提升智能检索增强生成效率与准确性的测试时优化策略
Test-Time Strategies for More Efficient and Accurate Agentic RAG
March 12, 2026
作者: Brian Zhang, Deepti Guntur, Zhiyang Zuo, Abhinav Sharma, Shreyas Chaudhari, Wenlong Zhao, Franck Dernoncourt, Puneet Mathur, Ryan Rossi, Nedim Lipka
cs.AI
摘要
針對複雜的多跳問題,檢索增強生成(RAG)系統面臨諸多挑戰。為解決此類複雜性,研究界提出了迭代式運作的智能體框架(如Search-R1框架,Jin等人,2025年)。然而這類方法可能引發效率問題,包括重複檢索已處理信息,以及難以在當前生成提示中有效情境化檢索結果。這些缺陷易導致不必要的檢索輪次、次優推理、答案失準及標記消耗增加。
本文研究通過測試階段改進Search-R1流程來緩解上述問題。具體而言,我們探索兩種組件及其組合的整合方案:情境化模塊(用於將檢索文檔的相關信息更有效融入推理過程)與去重模塊(用次相關文檔替換已檢索內容)。
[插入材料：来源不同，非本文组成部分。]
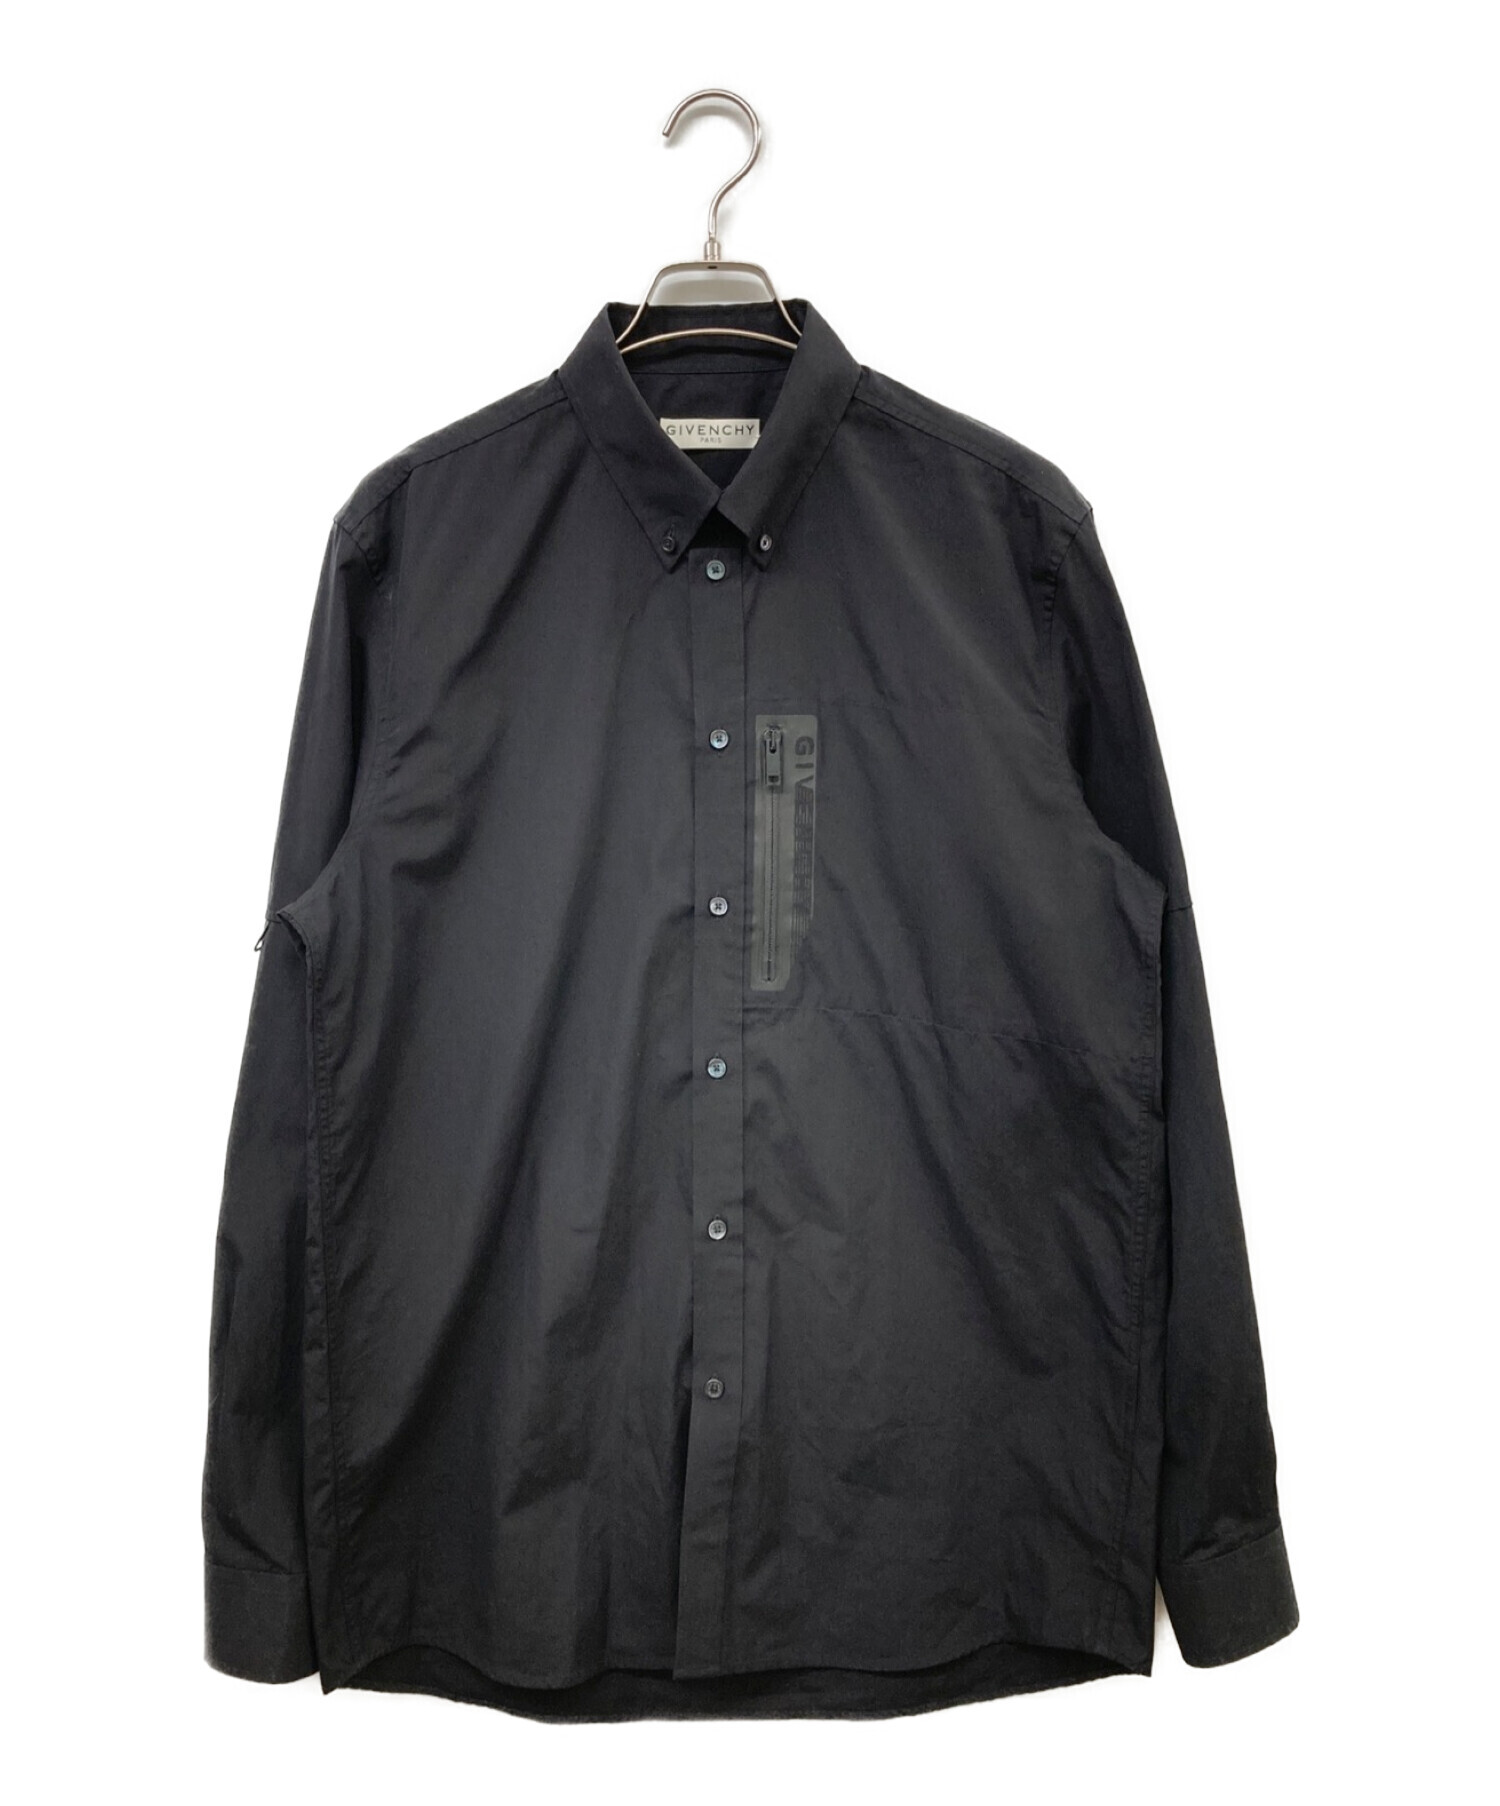 GIVENCHY (ジバンシィ) ジップポケットシャツ ブラック サイズ:41

我們採用HotpotQA(Yang等人,2018年)和Natural Questions(Kwiatkowski等人,2019年)數據集進行評估,彙報精確匹配(EM)分數、基於LLM的答案正確性評判結果以及平均檢索輪次。
實驗表明,使用GPT-4.1-mini實現情境化的最佳變體相比Search-R1基準線,EM分數提升5.6%,檢索輪次減少10.5%,顯著優化了答案準確性與檢索效率。
English
Retrieval-Augmented Generation (RAG) systems face challenges with complex, multihop questions, and agentic frameworks such as Search-R1 (Jin et al., 2025), which operates iteratively, have been proposed to address these complexities. However, such approaches can introduce inefficiencies, including repetitive retrieval of previously processed information and challenges in contextualizing retrieved results effectively within the current generation prompt. Such issues can lead to unnecessary retrieval turns, suboptimal reasoning, inaccurate answers, and increased token consumption.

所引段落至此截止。